The task – Setting aside any pictures, reproduce the data exactly.
■ ■ ■
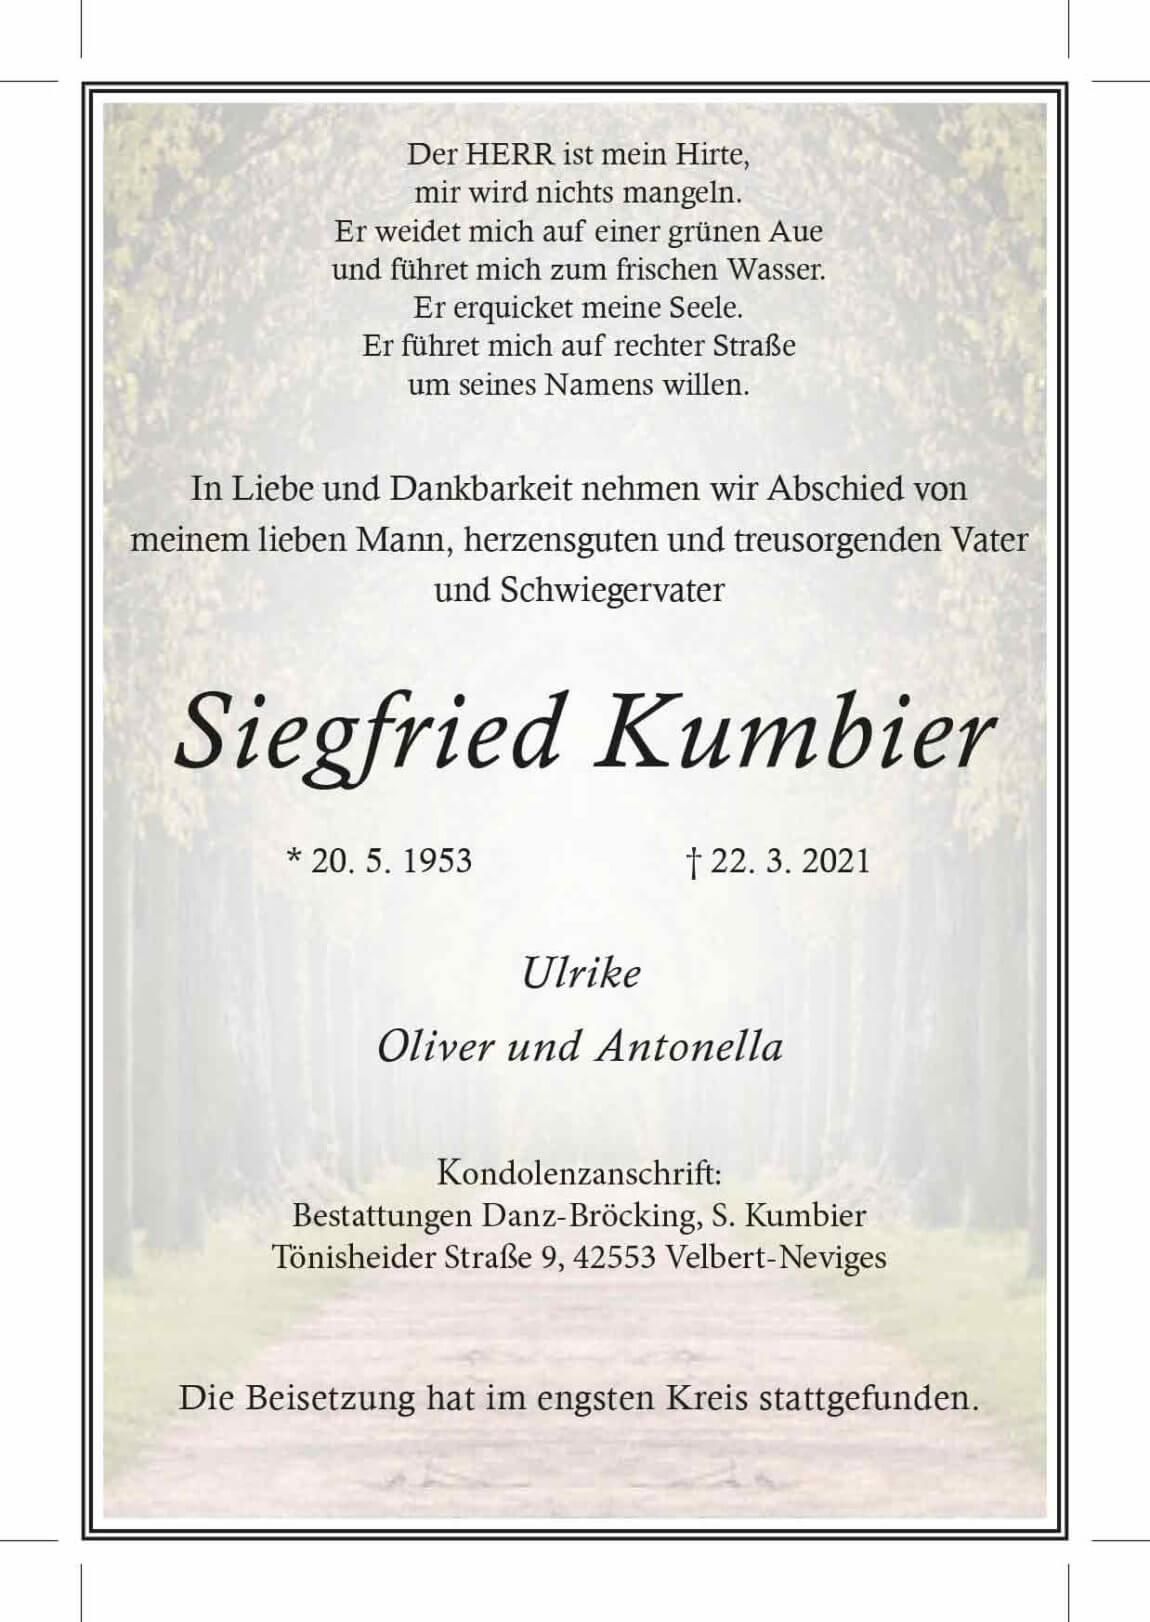 17.04.2021_Kumbier-Siegfried.jpg
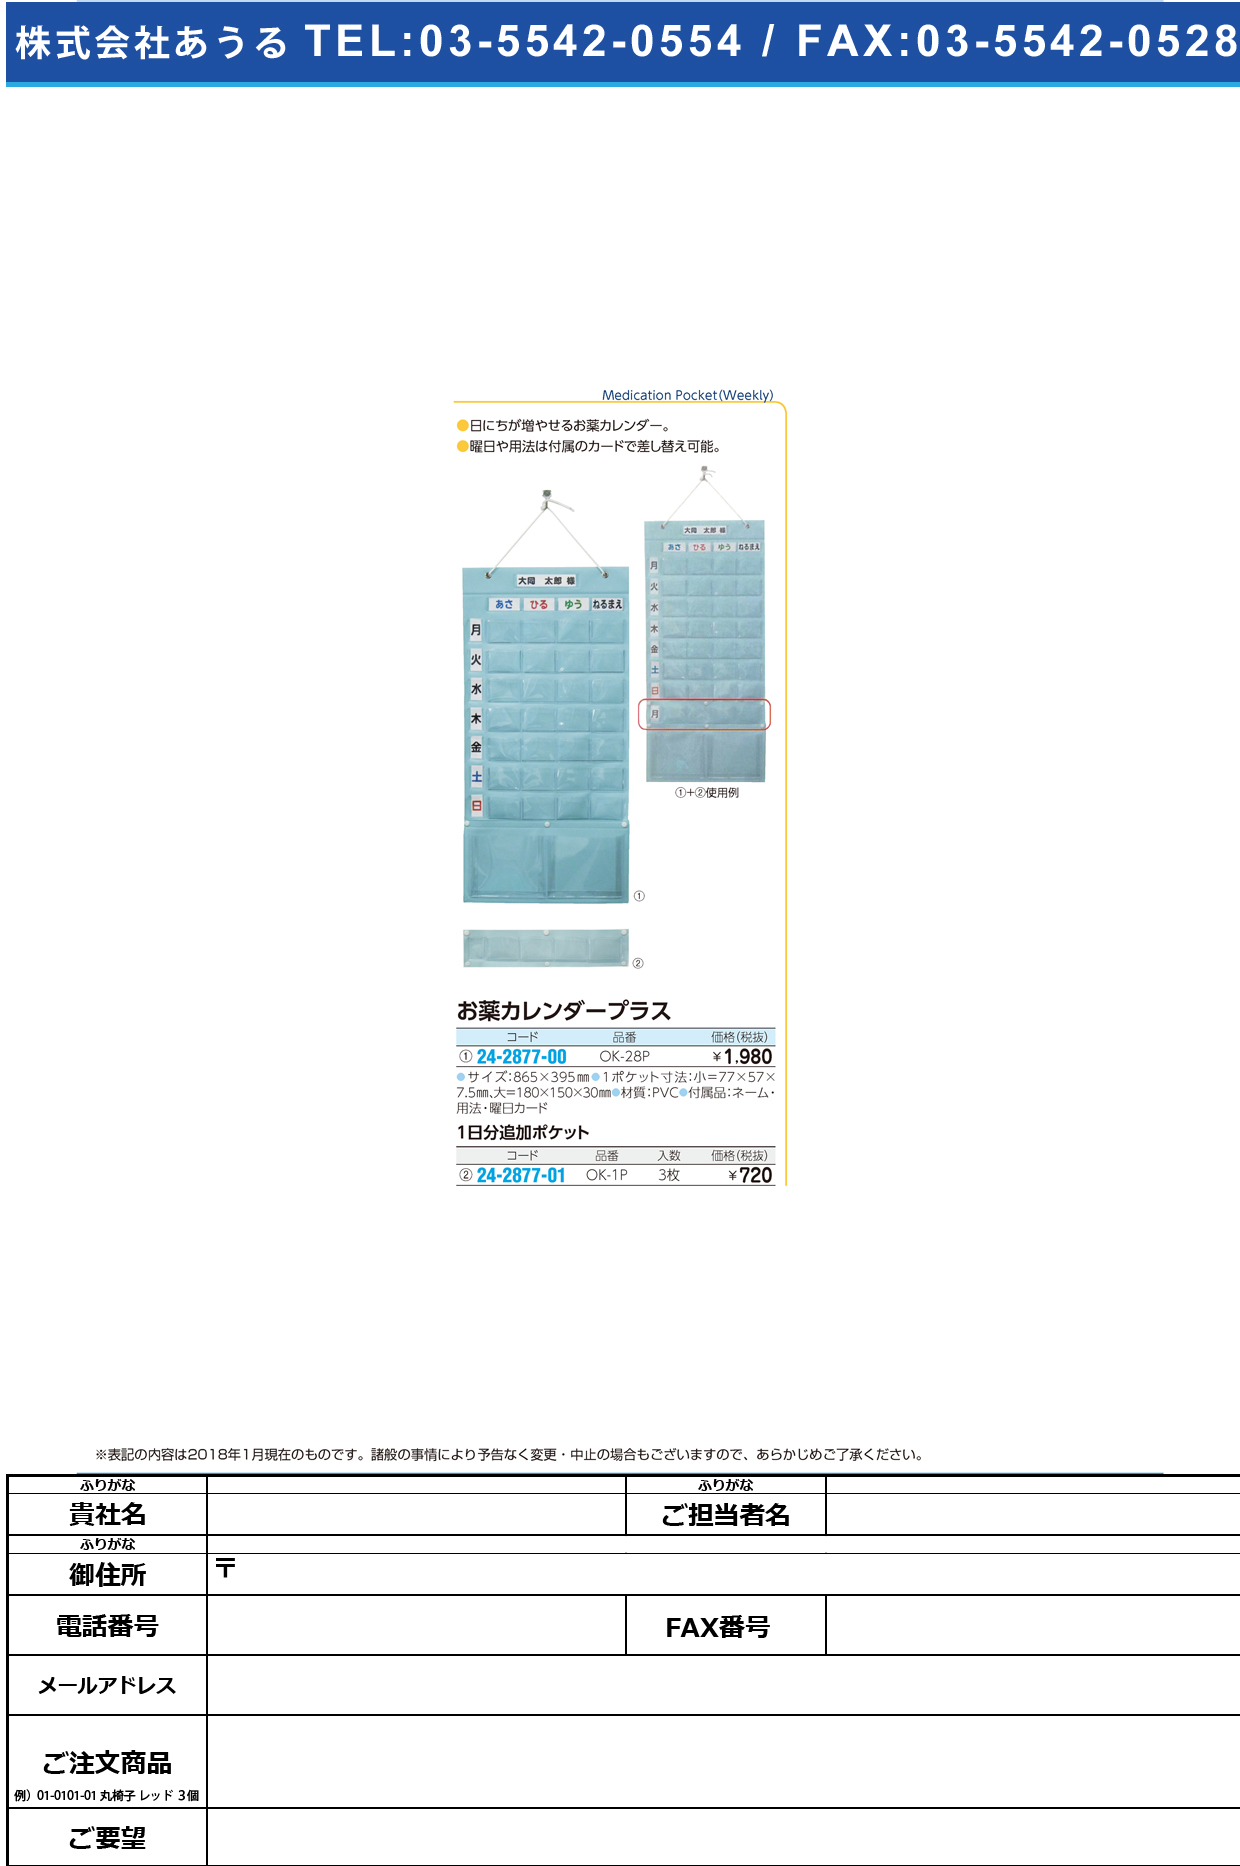 (24-2877-00)お薬カレンダープラス OK-28P ｵｸｽﾘｶﾚﾝﾀﾞｰﾌﾟﾗｽ(大同化工)【1個単位】【2018年カタログ商品】
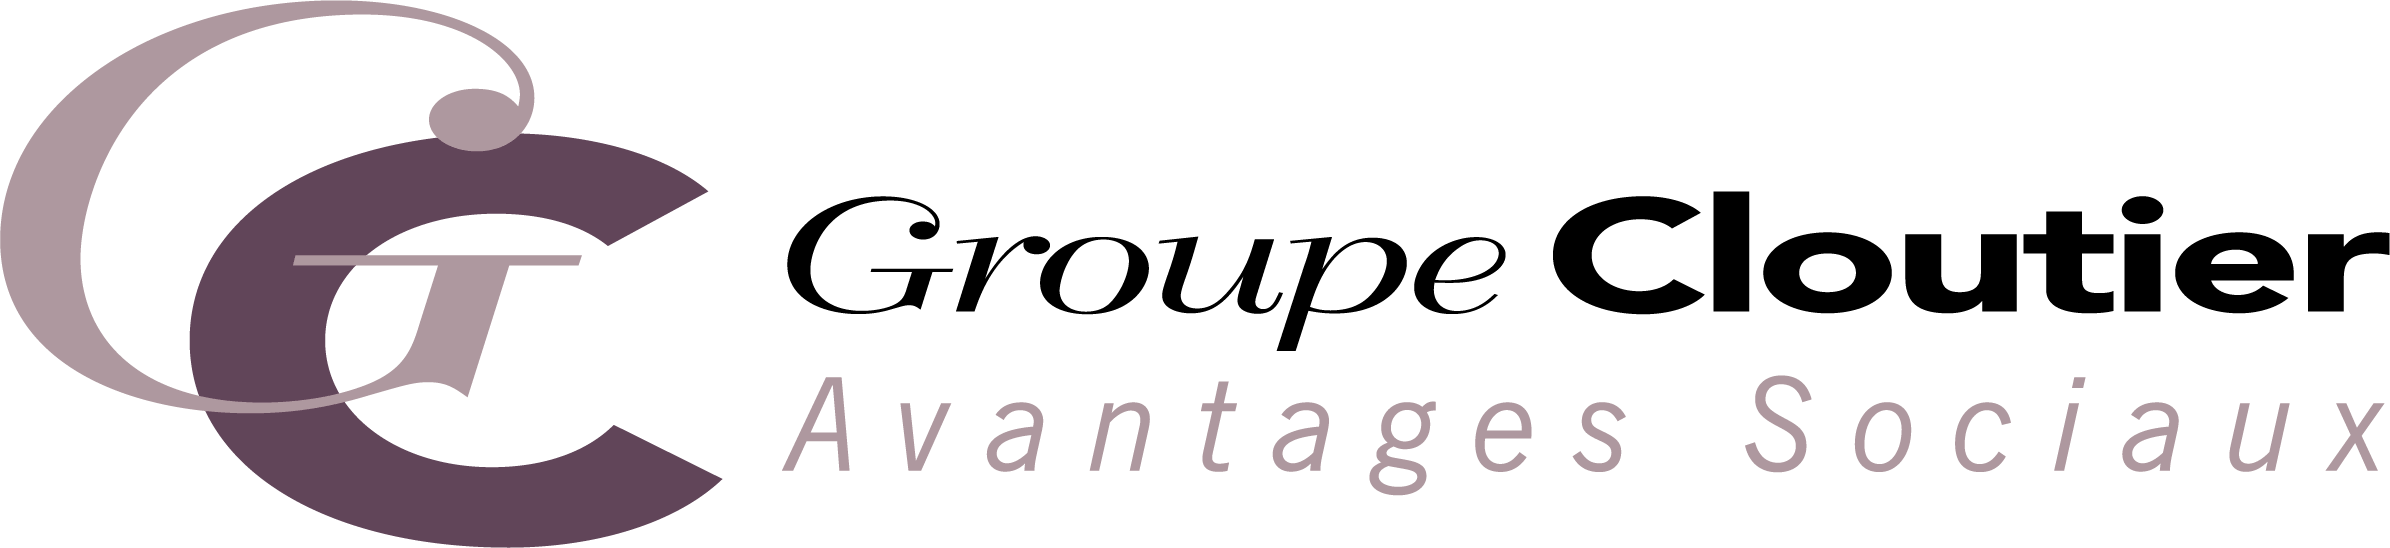 Groupe Cloutier Avantages Sociaux - logo - tinyfied
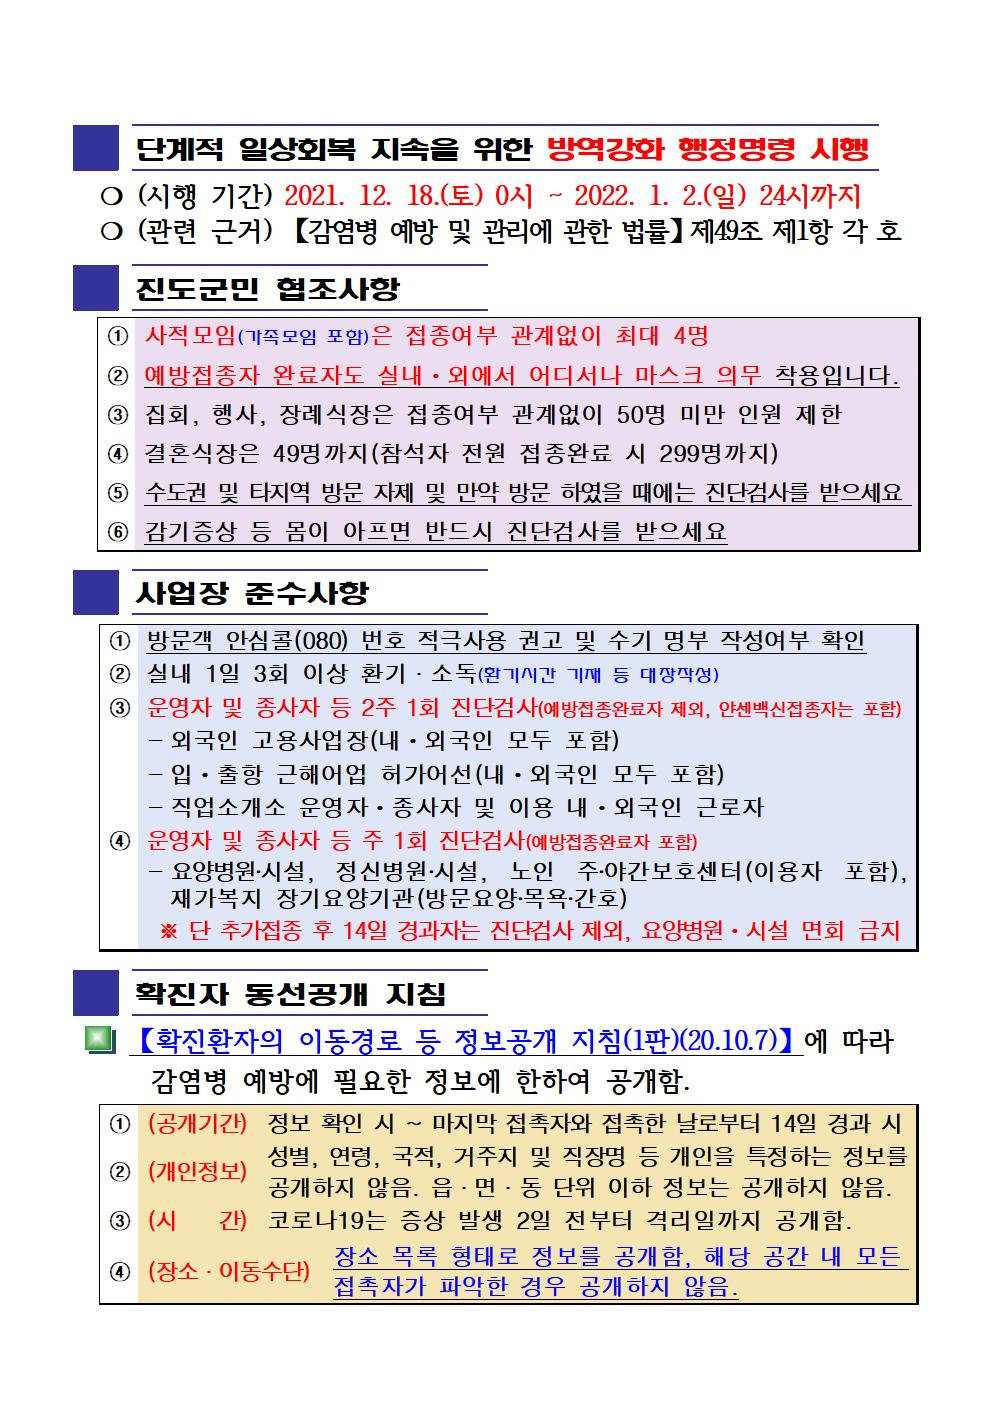 2022년 코로나19 대응 일일상황보고(01월 02일 24시 기준) 첨부#2
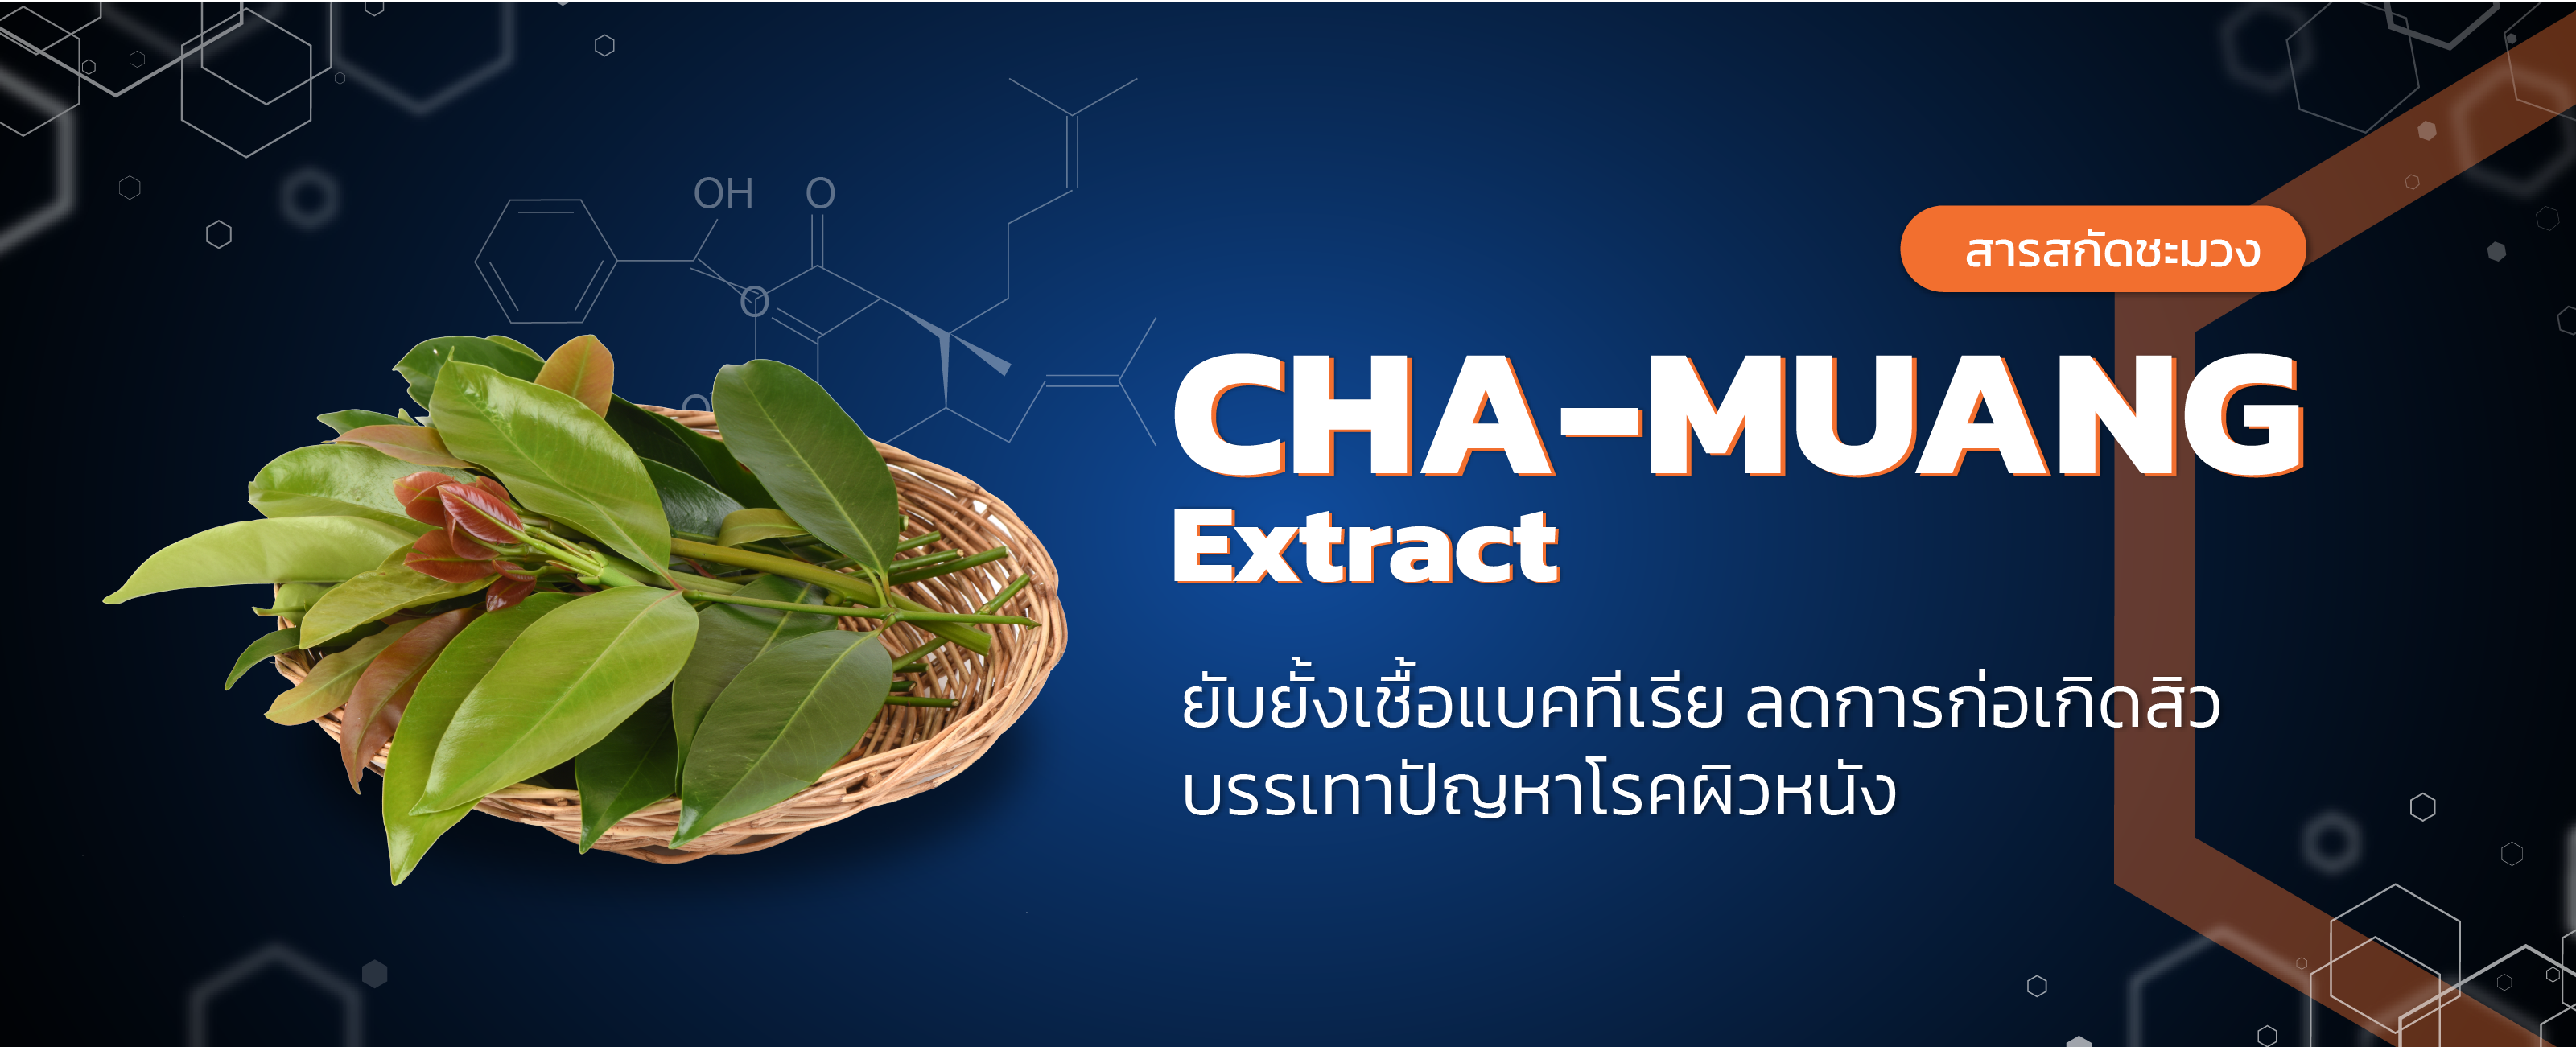 สารสกัดจากชะมวง (Cha-Muang Extract)
■ ■ ■
Exercise result –
 17.04.2021_Kumbier-Siegfried.jpg
 (24-2877-00)お薬カレンダープラス OK-28P ｵｸｽﾘｶﾚﾝﾀﾞｰﾌﾟﾗｽ(大同化工)【1個単位】【2018年カタログ商品】
 Groupe Cloutier Avantages Sociaux - logo - tinyfied
 2022년 코로나19 대응 일일상황보고(01월 02일 24시 기준) 첨부#2
 สารสกัดจากชะมวง (Cha-Muang Extract)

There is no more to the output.